Blood pressure reduction initiates the antiproteinuric effect of ACE inhibition.

Several observations question the role of blood pressure and renal hemodynamic changes in the long-term antiproteinuric effect of ACE inhibition. To differentiate blood pressure and renal effects in the initial antiproteinuric response, the placebo-controlled acute effects of the ACE inhibitor enalaprilat (10 mg i.v.) on blood pressure, renal hemodynamics, and proteinuria were compared with those of nitroprusside in nine patient with non-diabetic proteinuria. In addition, we studied whether an exogenous angiotensin II infusion reverse the initial enalaprilat-induced antiproteinuric response. Enalaprilat and nitroprusside reduced MAP by -11.3 +/- 2.4% and -14.1 +/- 2.3%, respectively, whereas only enalaprilat showed renal hemodynamic effects, reflected by an increase in ERPF of 18.4 +/- 5.4% and a decrease in FF of -17.1 +/- 2.6%. Despite the contrasting renal hemodynamic profiles, enalaprilat (-10.6 +/- 4.8%) and nitroprusside (-12.8 +/- 5.1% equally decreased proteinuria.
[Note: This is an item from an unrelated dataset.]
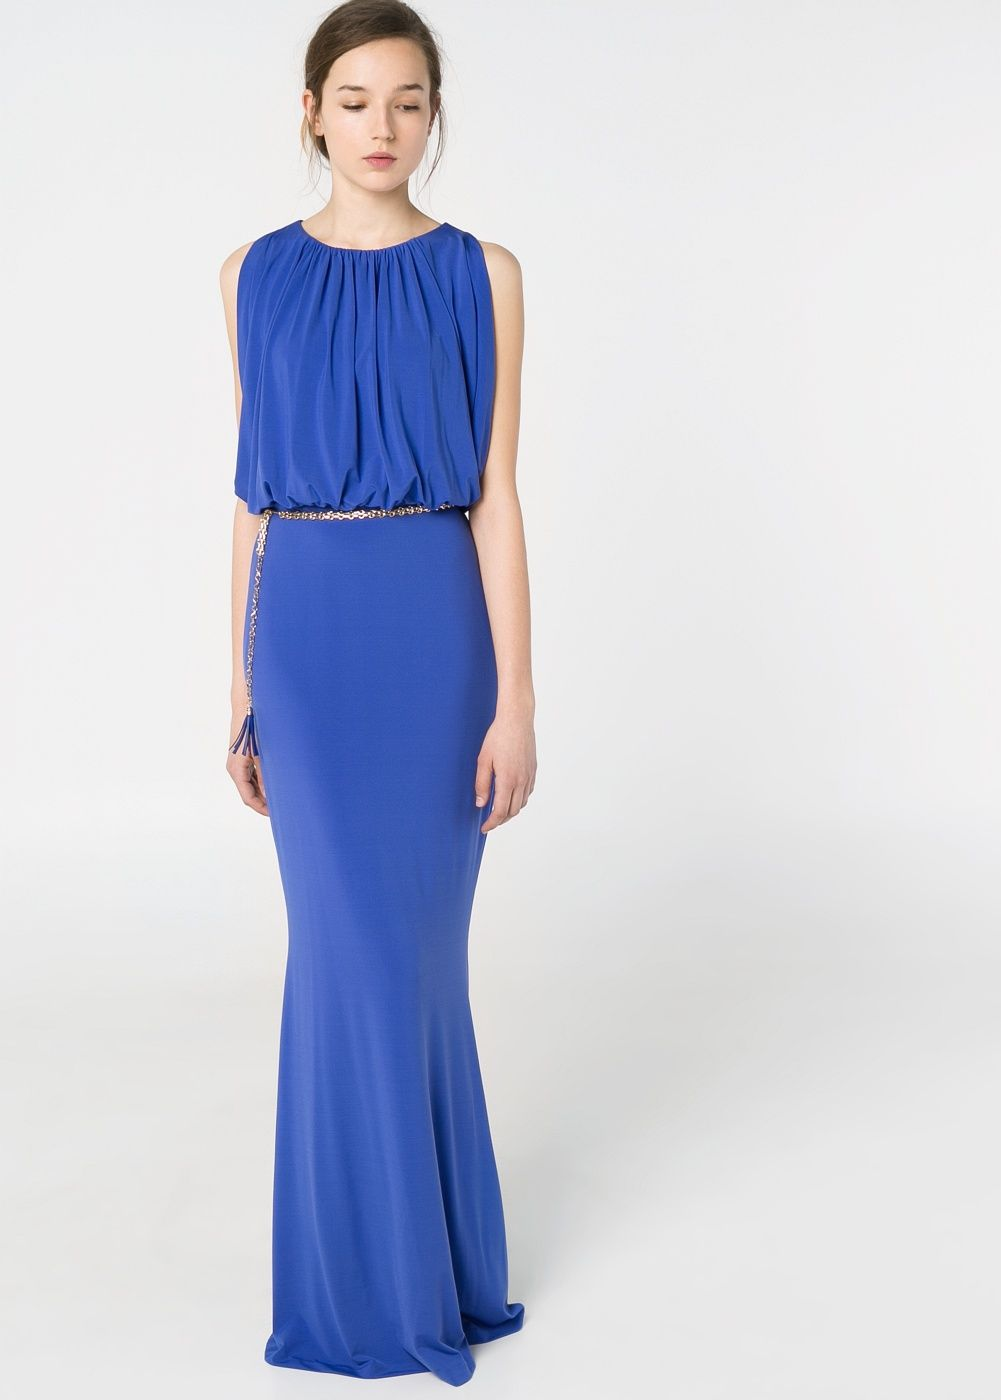 569c4b1d7d Long dress from Mango Vestidos De Fiesta Economicos

Exogenous infusion of angiotensin II completely reversed the blood pressure reduction and renal efferent vasodilatation induced by enalaprilat. proteinuria also increased by 13.1 +/- 7.8% to placebo level, albeit statistically non-significant. We conclude that the initial antiproteinuric effect of ACE inhibition appears to be mediated by blood pressure reduction and does not require its specific renal hemodynamic effect. Further studies should clarify whether the renal efferent vasodilatation during ACE inhibition is required to gradually induce renal structural changes that prevent the abundant passage of proteins.